**Given information:**

-=-=-=-=-

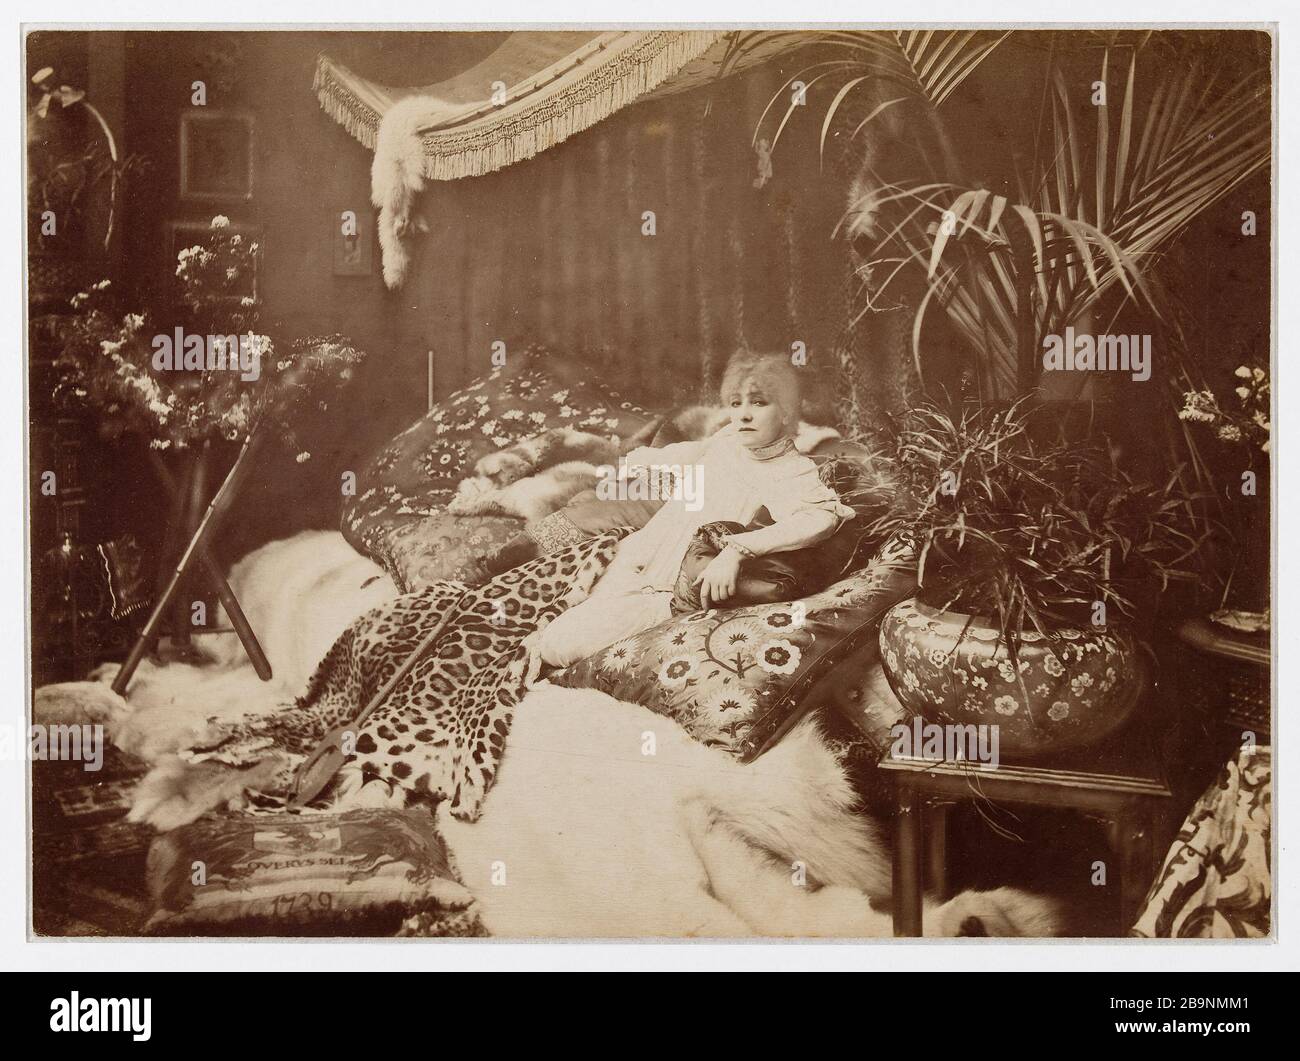 SARAH BERNHARDT TO HER Sarah Bernhardt (1844-1923), actrice française, chez elle. Photographie de Nadar (1820-1910). Musée des Beaux-Arts de la Ville de Paris, Petit Palais. Stock Photo
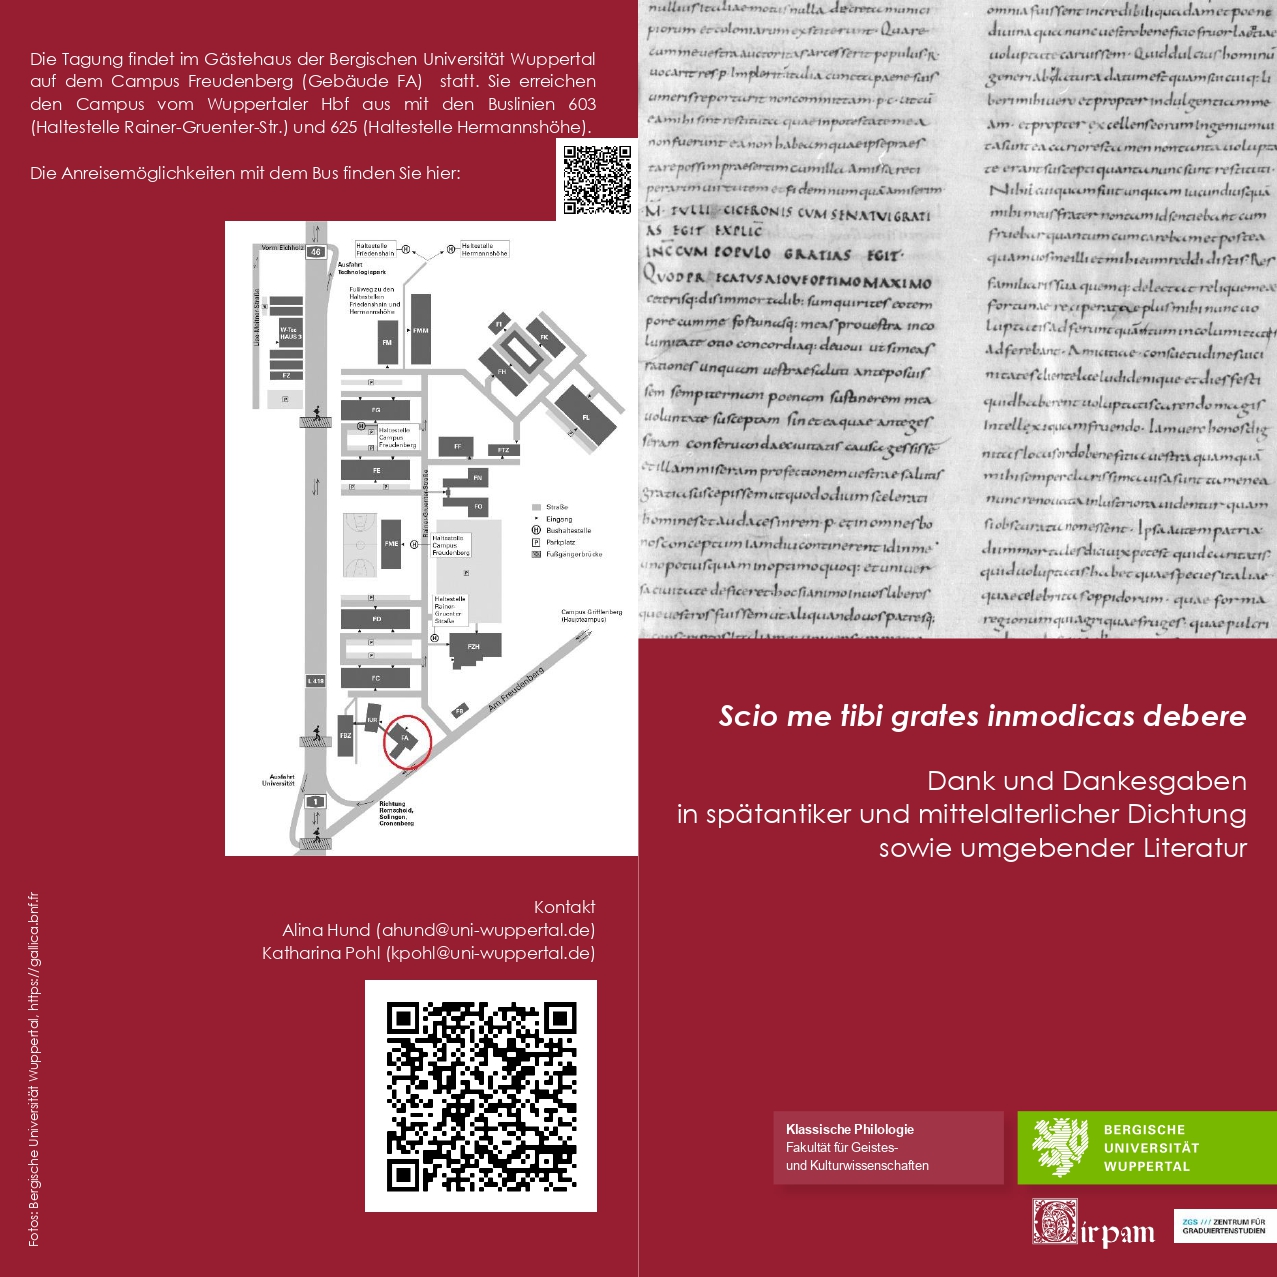 Flyer mit Programm GIRPAM Doktorandencolloquium 1208 page 0001
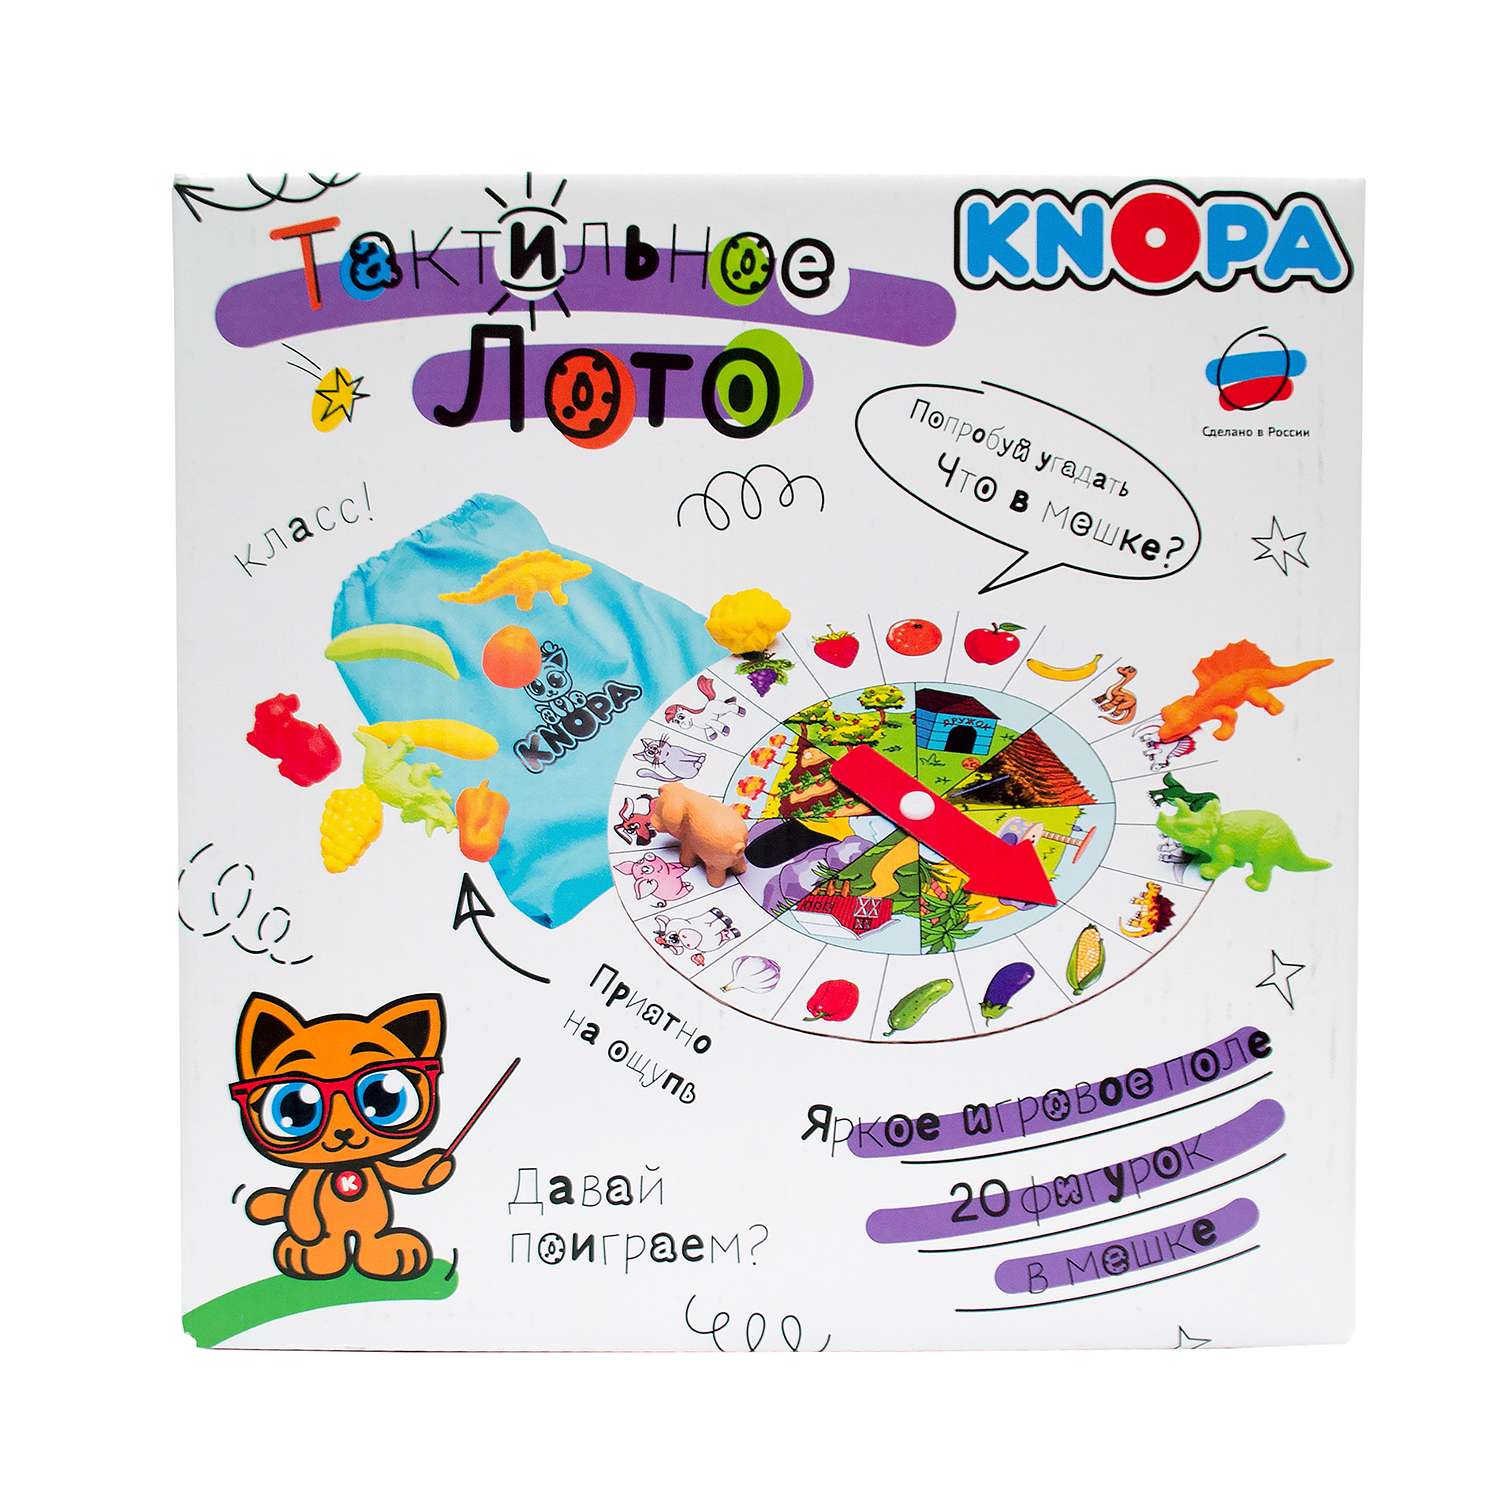 Игровой набор KNOPA Тактильное лото - фото 1
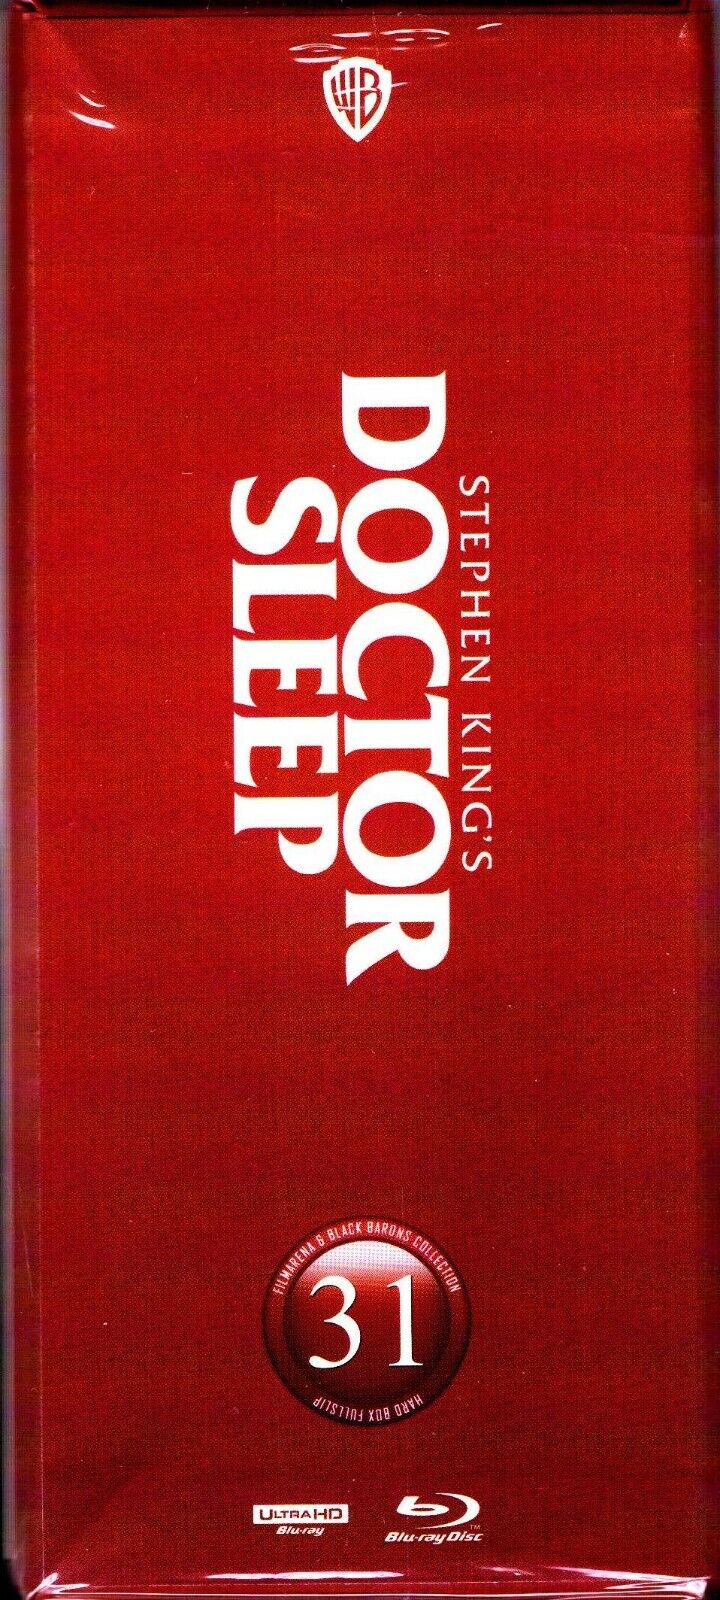 Doctor Sleep 4K: Director's Cut XL 1-Click SteelBook (BB#28)(Czech)

-=-=-=-=-

**Problem requirements:**
Each line from the one with "Игровой набор KNOPA Тактильное лото - фото 1" to the last line of the listing should be returned exactly, both ends included, and no picture with them.

**Answer for this exercise:**
 Игровой набор KNOPA Тактильное лото - фото 1
 Doctor Sleep 4K: Director's Cut XL 1-Click SteelBook (BB#28)(Czech)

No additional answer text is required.